La Fed alla ricerca di un “atterraggio morbido”
Non è certo un caso che il governatore della Fed Jerome Powell abbia ricordato di recente che fra il 1983-84 e il 1994-95 la Fed sia riuscita a fare atterrare senza troppi danni l’economia americana, alle prese con una delle sue consuete turbolenze che avevano indotto la banca centrale a effettuare una politica di restrizione monetaria. E non è neanche un caso che questa dichiarazione sia ricordata in un’analisi pubblicata dalla Fed di S. Louis, dedicata proprio all’ultima “campagna” di restrizioni monetaria annunciata dalla Fed, che dovrebbe portare i tassi obbiettivo (federal funds target rate, FFTR) al 2,8% entro fine 2023, dopo un lungo periodo in cui sono rimasti fermi intorno a zero.
Tutto si tiene, ovviamente. L’inflazione innanzitutto, ma anche una certa crescente consapevolezza circa l’insostenibilità di lungo termine di una politica monetaria che sembra contraddire ogni logica economica – la scomparsa dei rendimenti porta con sé diverse, profonde conseguenze sociali – hanno indotto la banca centrale americana a rompere gli indugi e fare quello che ha già fatto molte volte in passato. Almeno sette, con quest’ultima, secondo il conteggio fatto dalla Fed, negli ultimi quarant’anni, durante i quali si è passati dalla grande inflazione dei Settanta, alla Grande Moderazione dei Novanta, cui è seguita la strisciante deflazione degli anni Dieci del XXI secolo, rumorosamente archiviata negli anni Venti.
In questo turbinare, la Fed ha agito aumentando in media i tassi obiettivo di circa 300 punti, con picchi più o meno elevati, ossia in linea con quanto ha promesso di fare adesso. E il problema, ogni volta, è stato quello di dover fare i conti con la reazione dell’economia. Tirare il freno monetario senza generare testa-coda, insomma. O fare atterraggi morbidi, come ha detto Powell. La tabella sotto è un ottimo promemoria che ci consente anche di provare ad immaginare cosa succederà questa volta.

La variabile da sempre osservata (e temuta) per la sua capacità di essere in qualche modo associata a una recessione è la famosa “inversione dei rendimenti”, ossia la circostanza che i titoli a breve costino più cari di quelli a lungo. Nel 1983 e nel 1994 questo evento, giudicato funesto, non si è verificato, e questo spiega perché Powell parli di “atterraggi ben riusciti”. Ma domani: chi può dirlo?

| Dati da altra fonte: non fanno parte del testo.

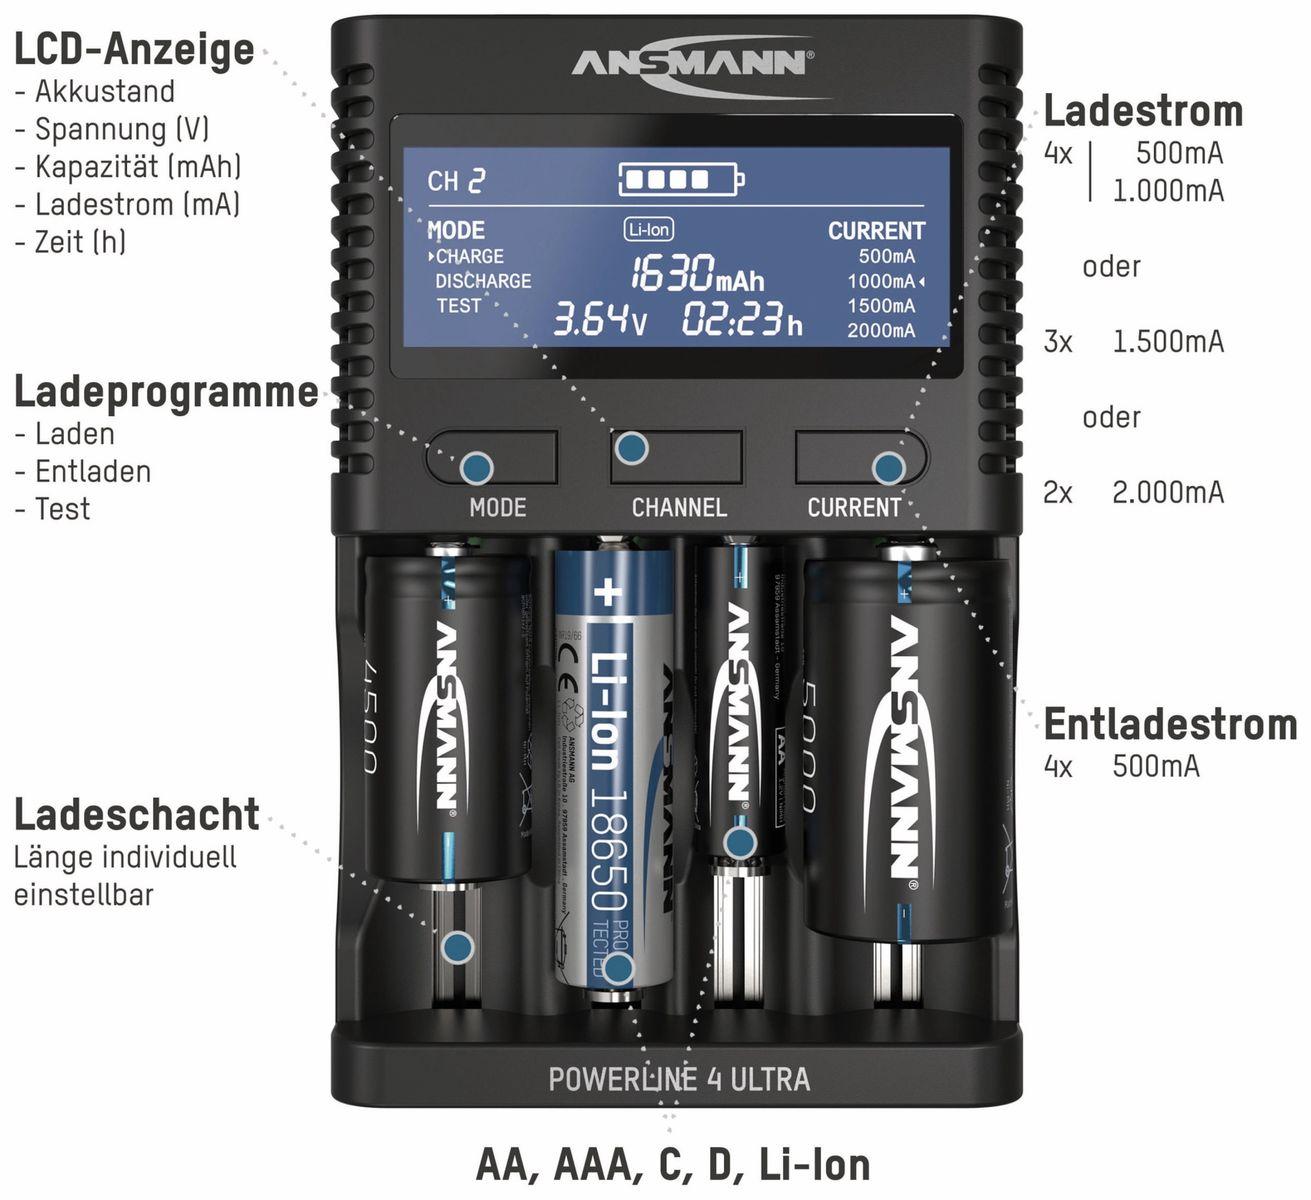 Ladegerät ANSMANN Powerline 4 Ultra online kaufen   Pollin.at

Al momento, sottolinea la Fed, ci sono poche prove in tal senso. Al 12 aprile lo spread fra i titoli del Tesoro Usa decennali e quelli trimestrali era di 198 punti base, in aumento di 23 punti rispetto al 16 marzo e ben 25 punti base sopra la media di lungo periodo di 173 punti base osservata da gennaio 1983. Ma oggi, a differenza di ieri, siamo alle prese con un movimento inflazionistico che ha sorpreso gli osservatori sia per la rapidità che per la profondità delle ragioni che lo hanno espresso e che sono ancora in corso di svolgimento. A cominciare da guerra e pandemia, per finire con una enorme quantità di liquidità annidata nei bilanci delle banche centrali.
Le ragioni di ottimismo, insomma, non mancano. Ma anche quelle per rimanere vigili. E toccare ferro.